Deforestation. Desertification. Shrinking freshwater supplies. Acidification of the oceans. Loss of biodiversity. Overpopulation. Climate change. Choking pollution.

Jane Goodall, the famed primatologist, methodically rhymes off the major environmental challenges in the world as the audience at Loyola High School sits in rapt attention.

Then she pauses and lowers her voice almost to a whisper: "We seem to be bent on destroying this beautiful planet. It's sad."

Yet, in her hour-long address, the word Dr. Goodall used most often was "hope."

"Oh, yes, I'm hopeful," she said in an interview. "I know all the bad things. I do my research and I'm not naive.

"But I also meet so many incredible people, especially young people, and I know things are going to change."

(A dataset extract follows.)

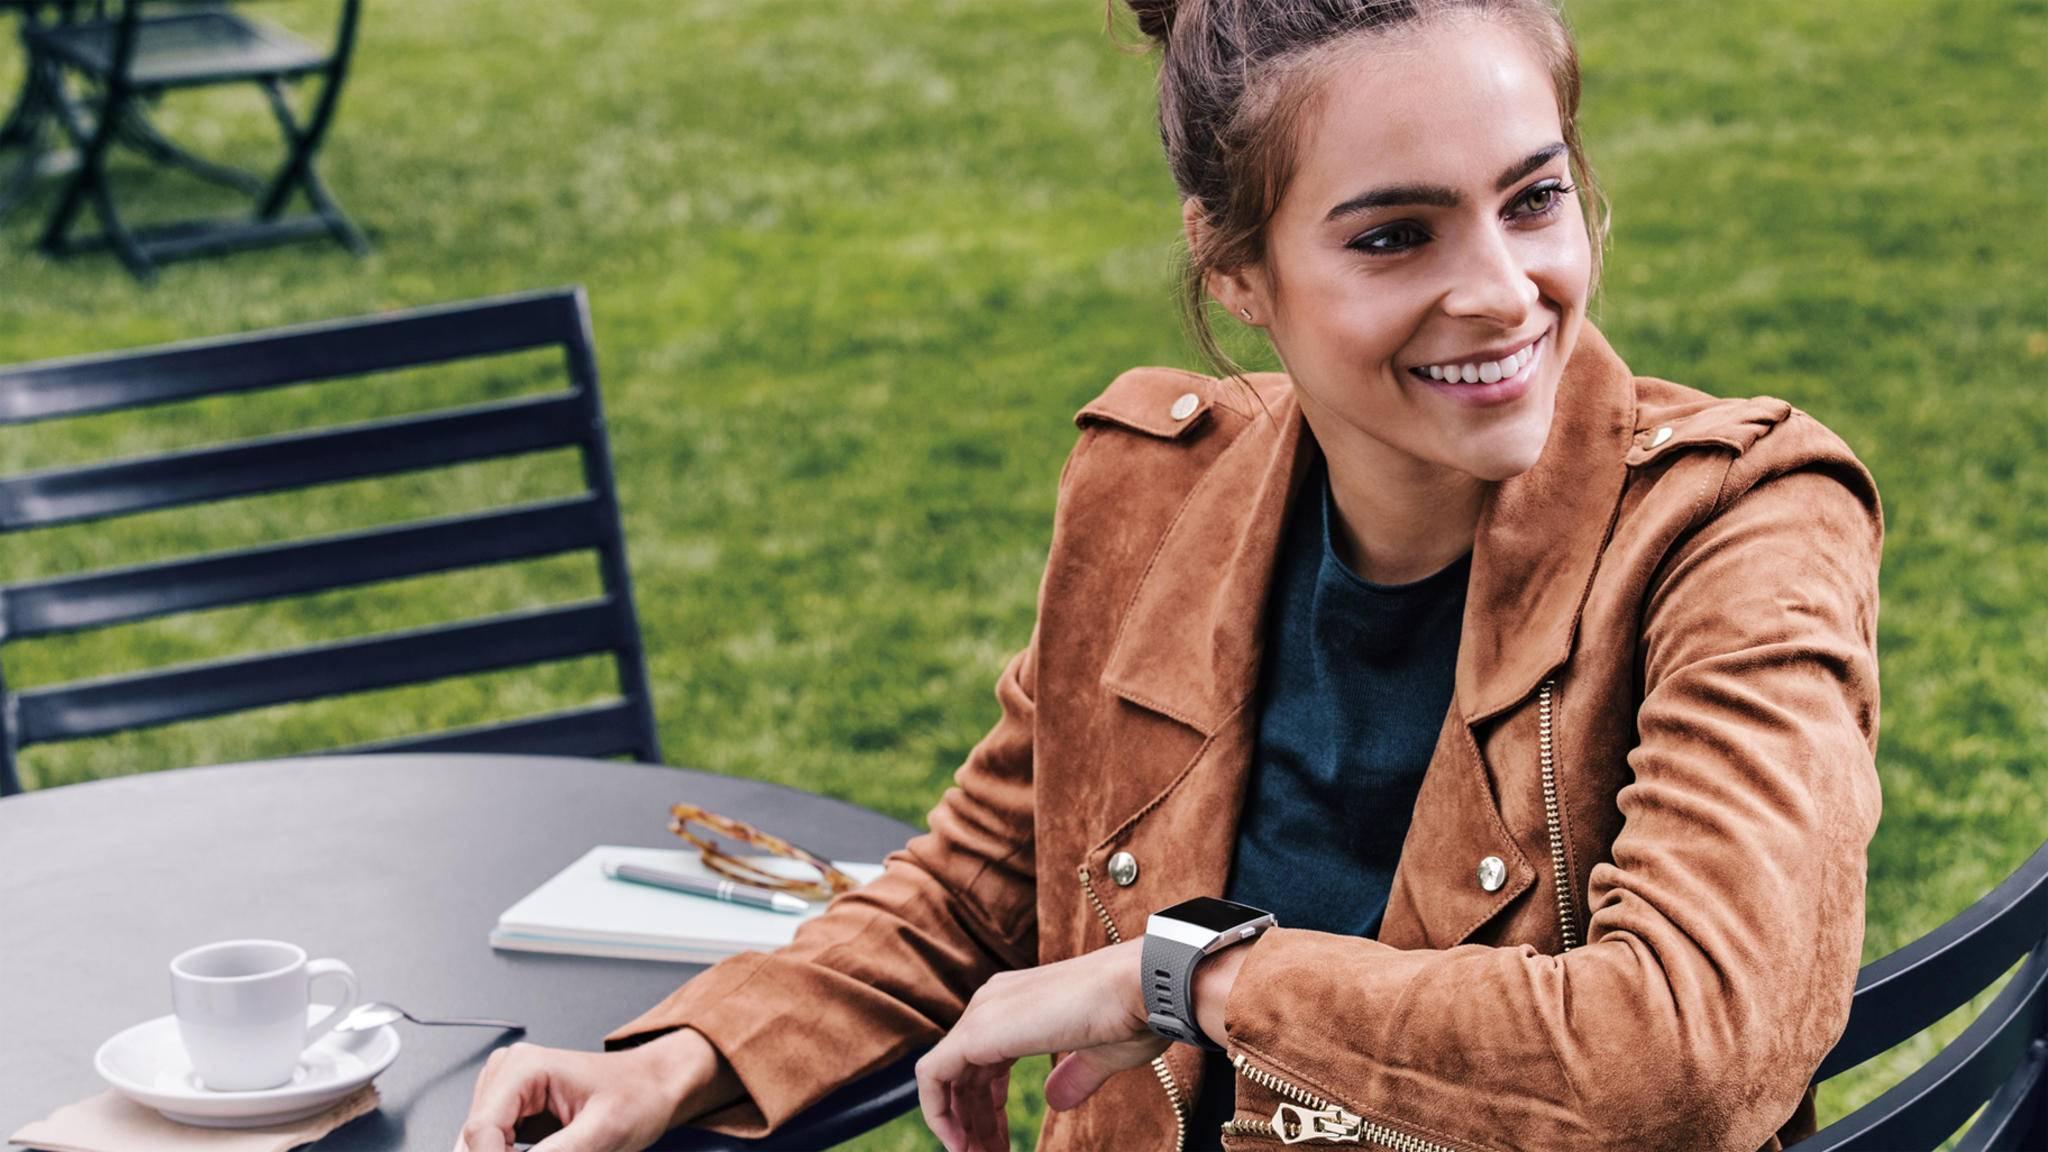 Ein Fitness-Tracker wie die Fitbit Ionic muss nicht immer komplett aus der eigenen Tasche bezahlt werden.
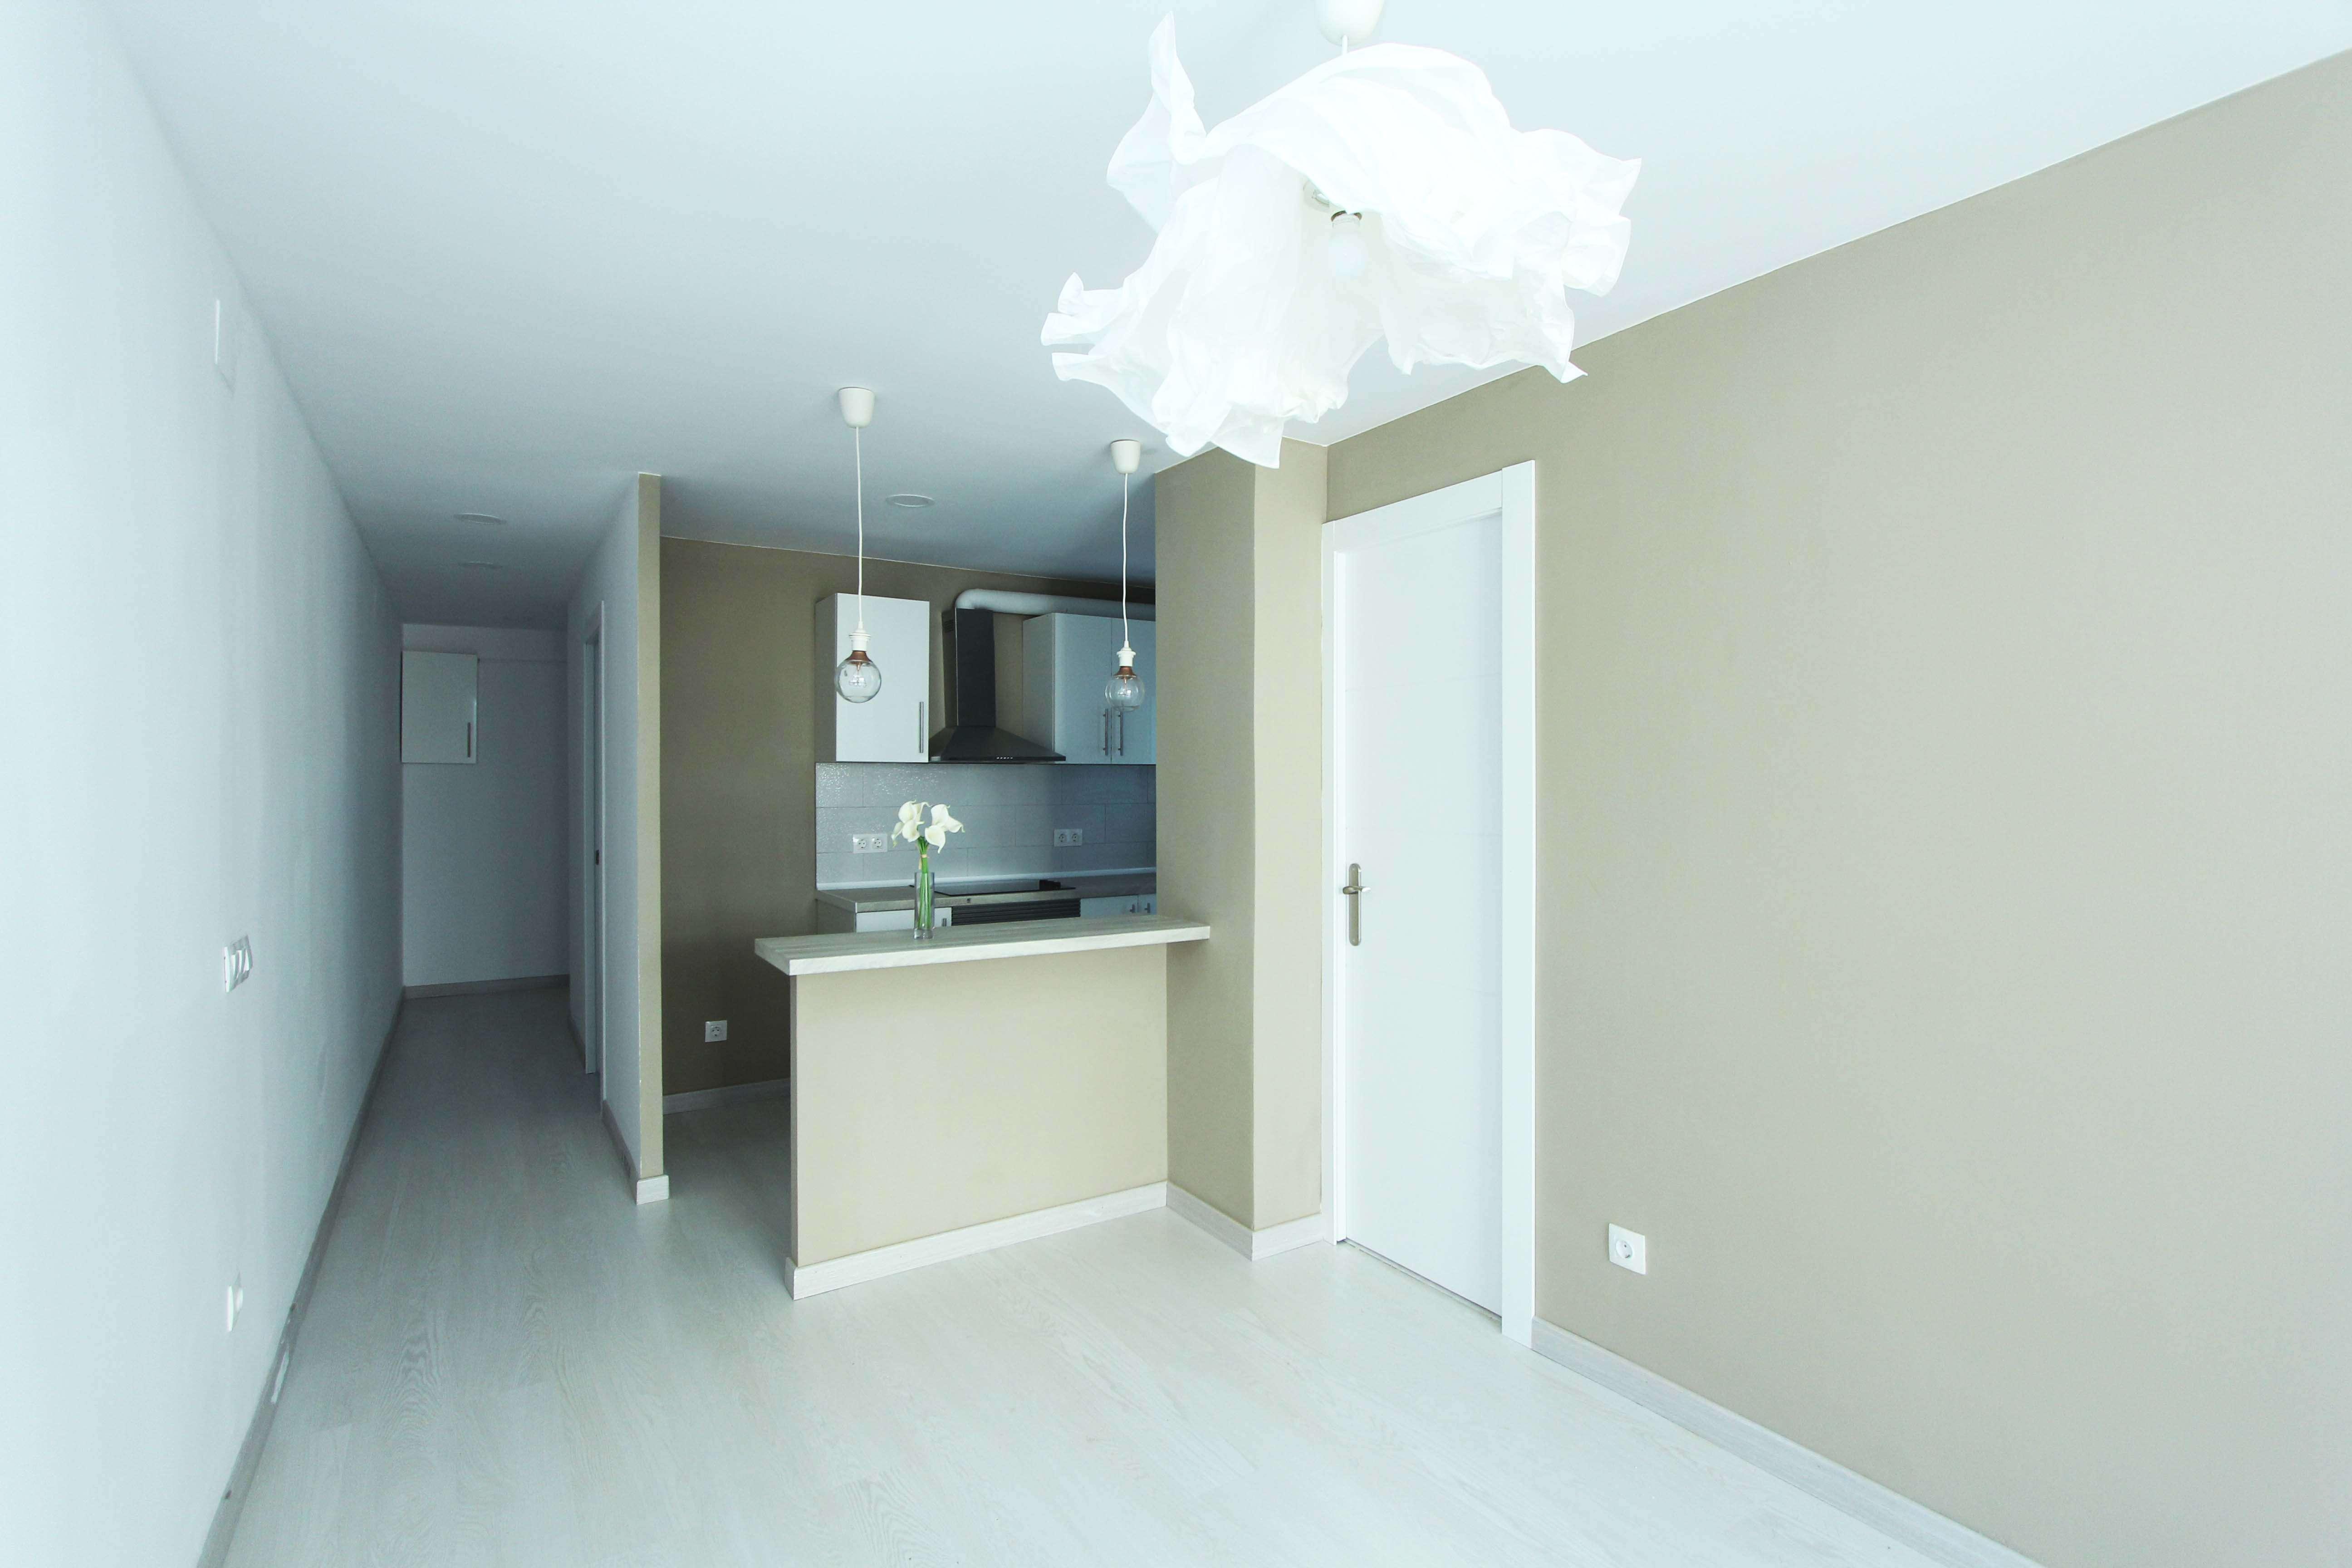 Квартира после ремонта в Эсплугес-де-Льобрегат

While her passion for the fate of chimpanzees and other great apes remains undiminished, the project of which Dr. Goodall is most proud is Roots and Shoots. The group began in 1991 when she met a dozen Tanzanian students concerned with the environment and it has now grown to have more than 8,000 chapters in 136 countries, tackling environmental issues at a local level.

"That's my greatest reason for hope: The desire of young people to live in peace and harmony with each other and with Mother Nature," Dr. Goodall said.

At age almost-80 (her birthday is Thursday and will be marked with a giant fundraising bash in San Francisco), "Dr. Jane" remains indefatigable and driven.

She has gone from a solitary life studying chimpanzees in the Olduvai Gorge of Tanzania to world-renowned anthropologist to passionate environmentalist travelling the world 300-days-a-year pleading on behalf of Mother Nature.

The transition, she said, was not a conscious choice but a natural evolution.

"I realized that if we didn't help the people, we couldn't help the chimpanzees."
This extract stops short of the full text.